Friday, February 10, 2012

February 10th 2012 LACK OF WINTER MEANS EARLY WORK

The fact that winter has been late in arriving this year, means we have an opportunity to do some early work in our yards.

We can do the following in our yards right now:

*Rake up or blow matted leaves. This will insure that our preemergent application works to its capacity. Matted leaves don’t allow the cool season grasses to spread and will stop the preemergent from controlling crabgrass in those “spots”.

*Spot spray broadleaf weeds (as long as the air temperature is above 40 degrees and will stay there for a couple of hours). Henbit and Chickweed are especially active right now due to the warm weather. We can “spot spray” these and other weeds with “Ester” formulas of herbicides that are available in any good Lawn & Garden store. They work at lower temperatures then conventional 3 Way herbicides. Turflon Ester is a very good product for spraying weeds right now. As with any pesticide application, read the label!

*Spot seed areas that need repair. Be sure that areas really do need spring seeding or sod. If you seeded last fall and the areas aren’t “thick” enough, you may just be impatient. Dormant seeding/sod can be damaged by bad weather, so they are risky to do this time of year. It’s almost better to mow the yard 2-3 times before you decide to do spring seeding or sod work. Spring seeding should be put off (in most cases) until March 1st or so.

*Prepare the lawn mower and other tools. Lawn mower shops get flooded with work request during the first warm weeks of March. Get your equipment serviced, sharpened, drained…whatever it needs, so you can have it when you need it.

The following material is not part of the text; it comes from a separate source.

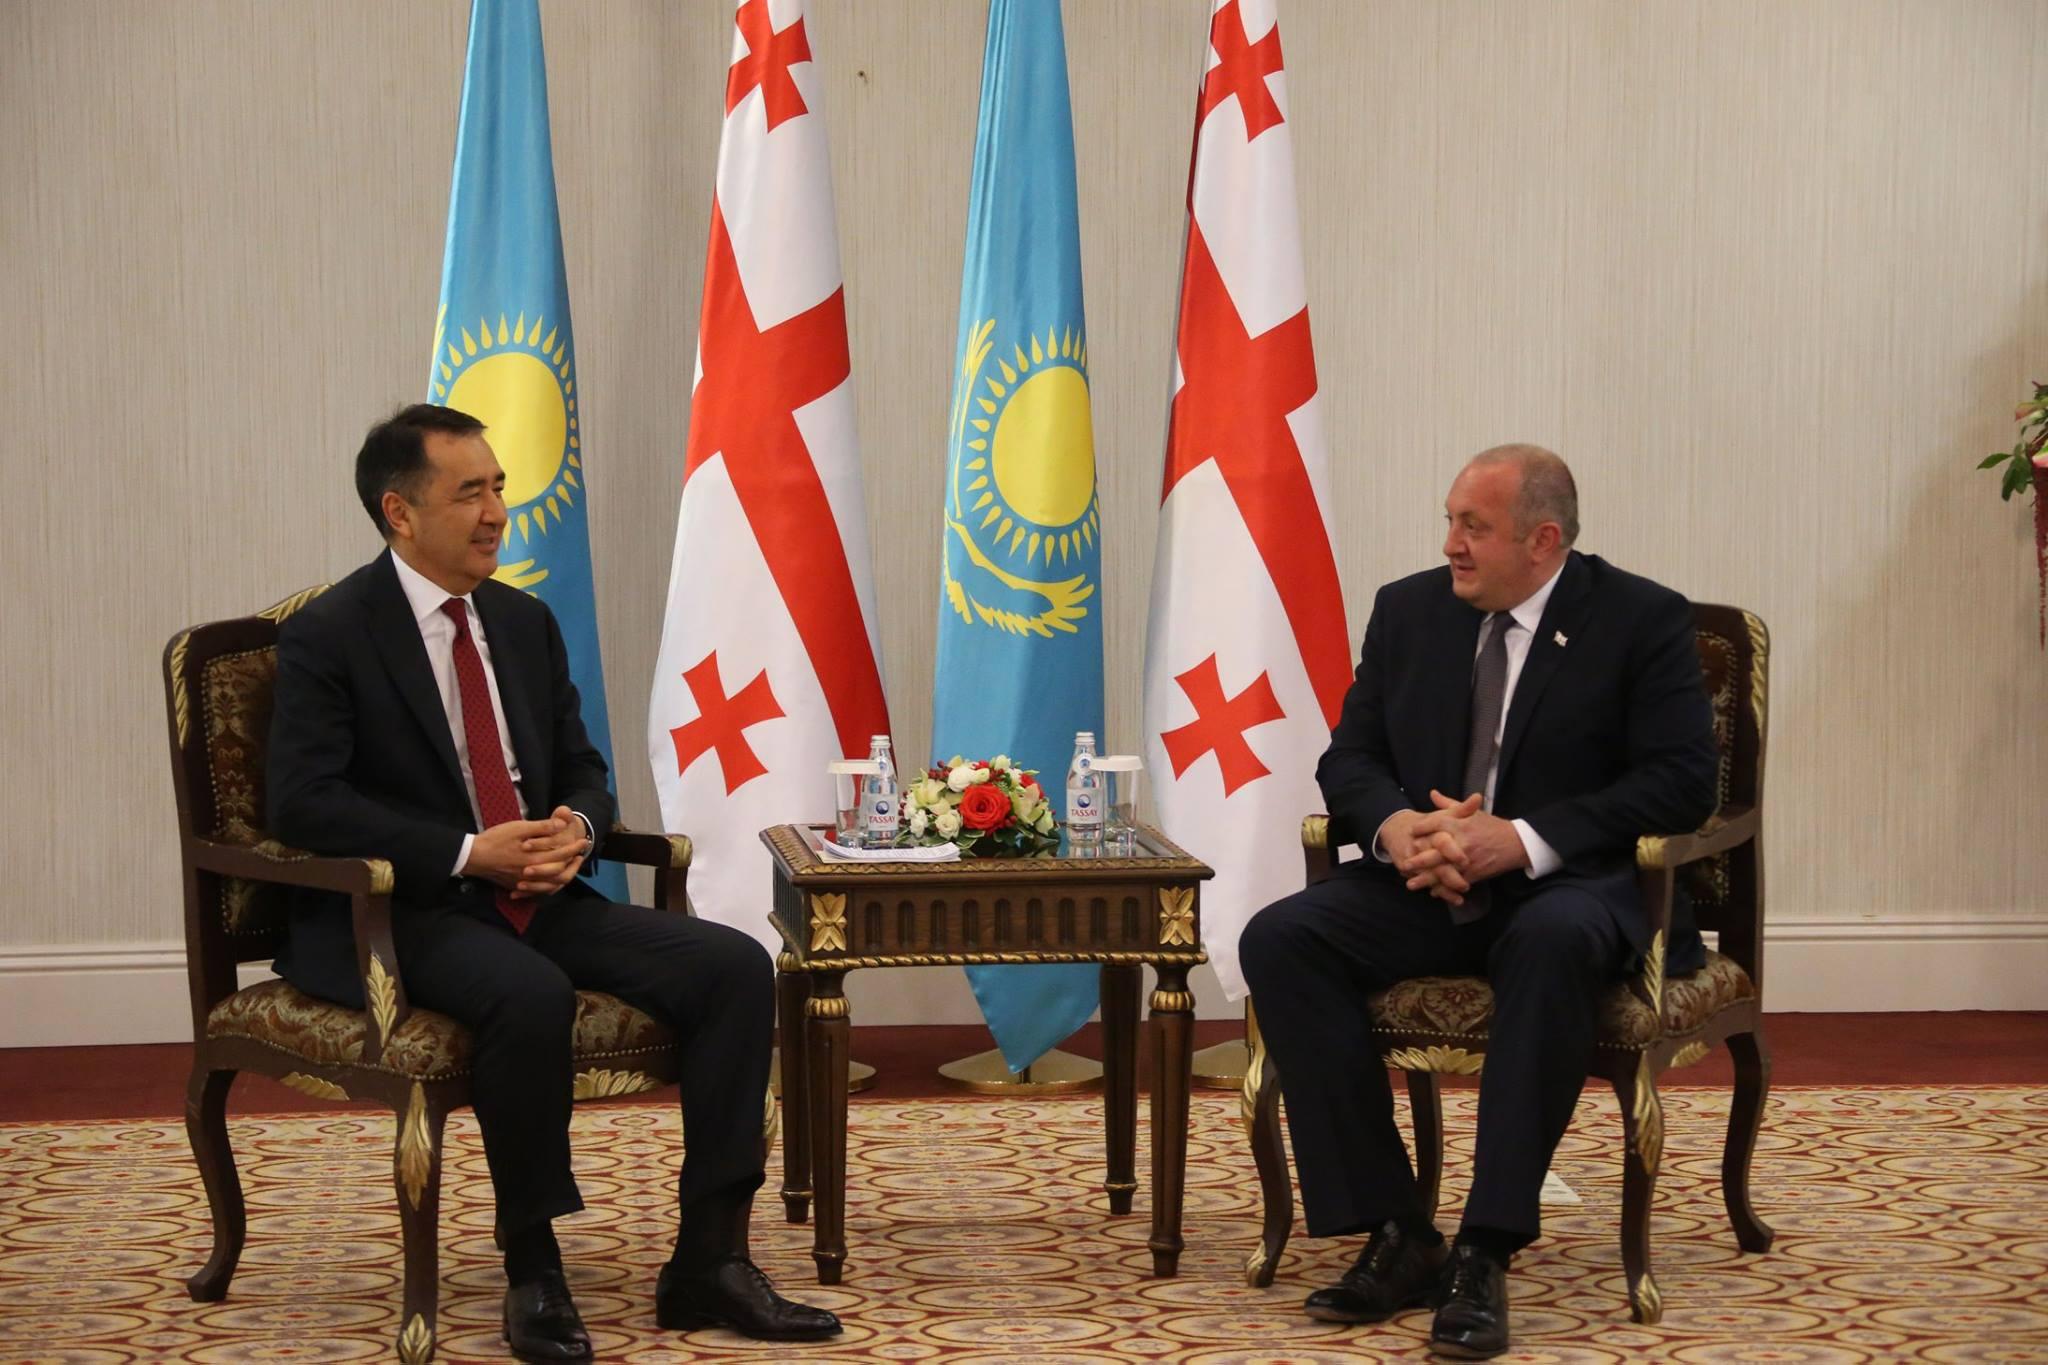 შეხვედრა ყაზახეთის პრემიერ-მინისტრთან ბაკიტჟან საგინტაევთან

* Mowing. I like to mow my cool season lawns at about 2 ½ to 2 ¾ inches going out the gate. I bag my clippings so my lawn mower acts as a vacuum as well. I usually walk around with my rake or blower before mowing, so I loosen up the matted leaves that are there. This makes their removal more efficiently.

*Fertilizing. I will always suggest mowing the lawn at least 2-3 times before the first application of fertilizer. This will all but guarantee the best case scenario for crabgrass control. We will address this application in future post. Don’t do anything for now.

*Zoysia lawns. Do nothing! You might be tempted, but it’s way too early to do anything but look at zoysia lawns for 6-8 more weeks. They are a “warm season” grass, which means they like extended periods of warm weather, not a few warm days. Hold your horses on these.

Finally, never do any walking or work in the yard when it’s wet. If you see water forming around your foot when you press it down in the lawn…it’s too wet to work in. You may do more harm then good?